The indictment against the president’s son comes after a plea agreement on tax and gun charges fell apart in July and amid a probe of his finances by House Republicans.
Federal prosecutors have indicted Hunter Biden, son of President Joe Biden, on gun charges, court documents show.
Biden was indicted Thursday in Delaware federal court on three counts tied to the possession of a gun while using narcotics.
Two counts are tied to Biden allegedly completing a form indicating he was not using illegal drugs when he purchased a Colt Cobra revolver in October 2018. The third count alleges that he possessed a firearm while using a narcotic.
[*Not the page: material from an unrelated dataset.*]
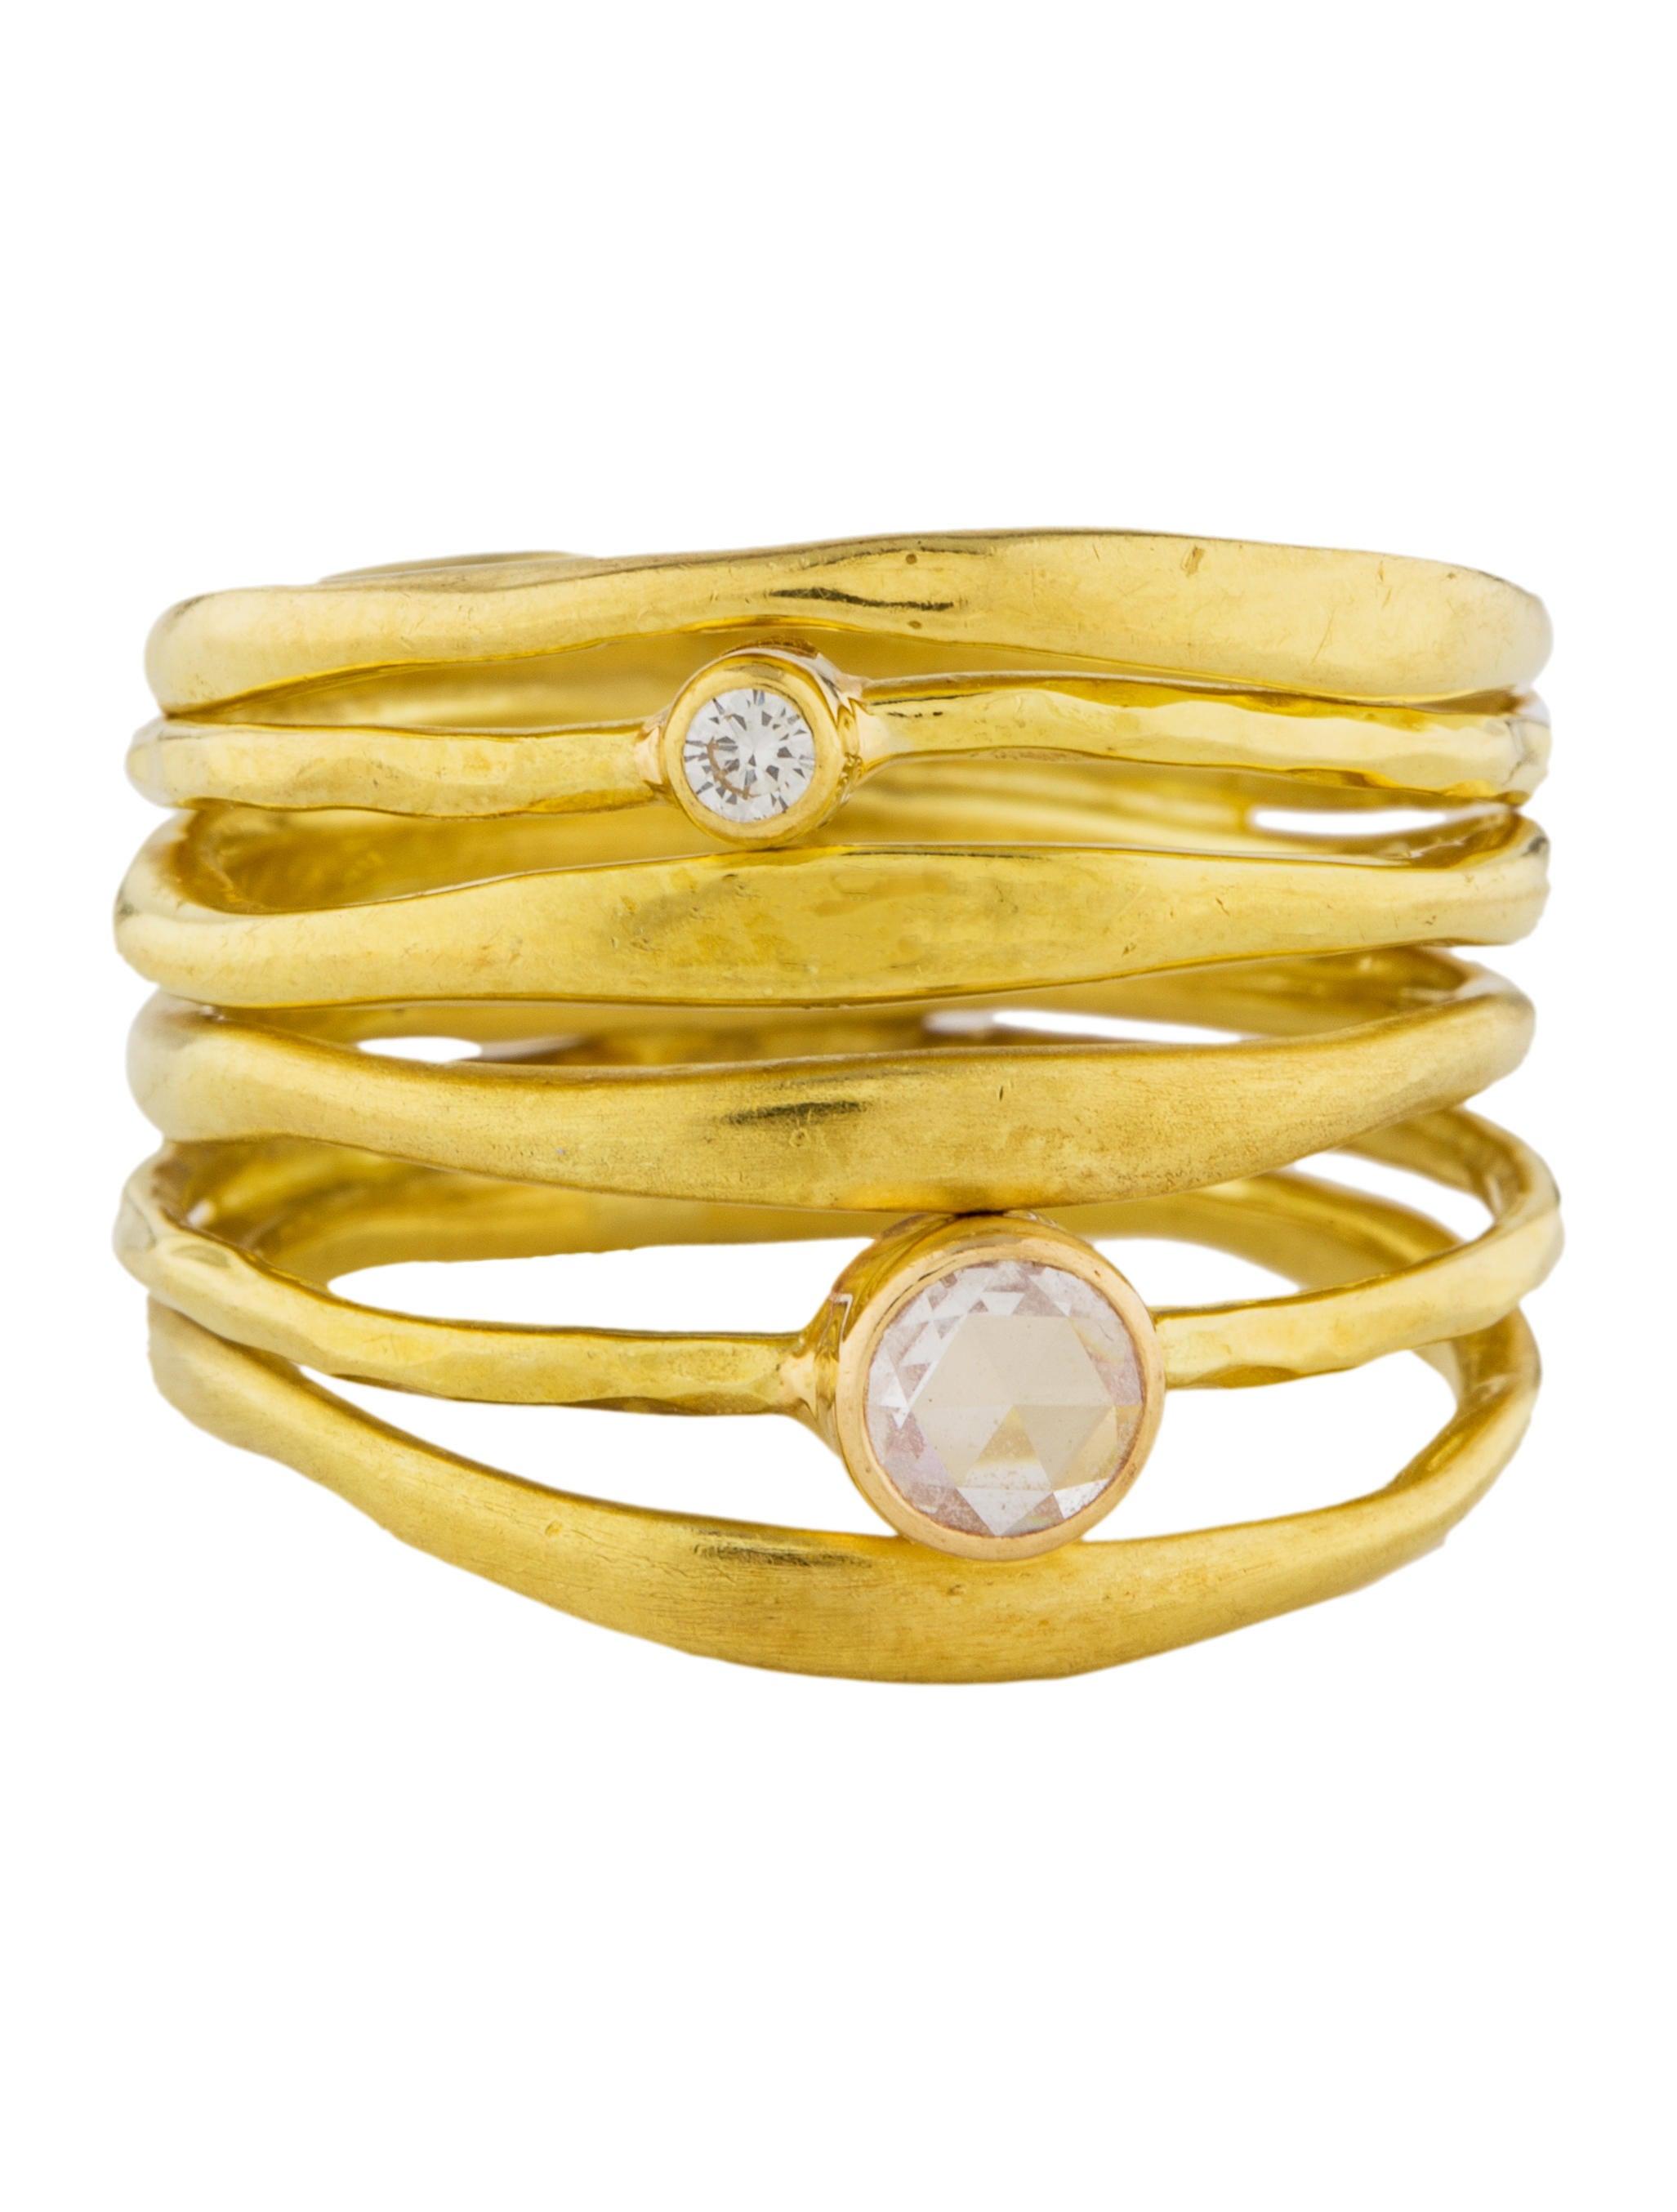 Ippolita Diamond Movie Star Sixband Ring  Rings. Pear Shaped Diamond Rings. Rough Black Diamond Wedding Rings. Nose Wedding Rings. Top View Engagement Rings. Legal Wedding Rings. Pine Tree Wedding Rings. Peach Wedding Rings. Countdown Engagement Rings

The indictment says Biden certified on a federally mandated form “that he was not an unlawful user of, and addicted to, any stimulant, narcotic drug, and any other controlled substance, when in fact, as he knew, that statement was false and fictitious.”
Two of the counts carry a maximum prison sentence of 10 years, while the third has a maximum of five years. Each count also carries a maximum fine of $250,000.
The historic indictment against the son of a sitting president comes after a plea deal that might have ended a yearslong probe into Hunter Biden fell apart and just as House Republicans have launched an impeachment inquiry in an effort to seek bank records and other documents from the president and his son.
The case is being overseen by special counsel David Weiss, who also headed the investigation. Weiss is a Trump appointee who was kept on as U.S. attorney for Delaware because of the sensitive and unique nature of the investigation into a president’s son by the Justice Department, a part of the executive branch headed by the president. U.S. Attorney General Merrick Garland named Weiss special counsel in August, as negotiations over the tax and gun charges collapsed.
The White House referred requests for comment to the Justice Department and Hunter Biden’s legal team.
Weiss declined to comment on the investigation when approached by NBC News on Thursday before the indictment was unsealed.
An attorney for Hunter Biden, Abbe Lowell, said in a statement that the new charges are politically influenced and unwarranted. “We believe these charges are barred by the agreement the prosecutors made with Mr. Biden, the recent rulings by several federal courts that this statute is unconstitutional, and the facts that he did not violate that law, and we plan to demonstrate all of that in court,” Lowell said.
Weiss’s investigation was opened in 2018, the year before Joe Biden announced his candidacy for president, according to a source familiar with the inquiry, and focused on the younger Biden’s finances.
The two sides reached a plea agreement in July that called for Hunter Biden to plead guilty in Delaware federal court to two misdemeanor counts of failing to pay his taxes in return for prosecutors recommending a sentence of probation. A separate felony gun charge for illegally owning the Colt Cobra .38 Special handgun would have been dropped in two years if Biden honored the terms of what’s known as a diversion agreement.
The plea agreement started to fall apart at the court appearance where it was expected to be finalized after the judge presiding over the case raised questions about some details. “The agreements are not straightforward and they contain some atypical provisions,” U.S. District Judge Maryellen Noreika noted, including one that could theoretically protect Biden from other tax-related crimes in the same time period.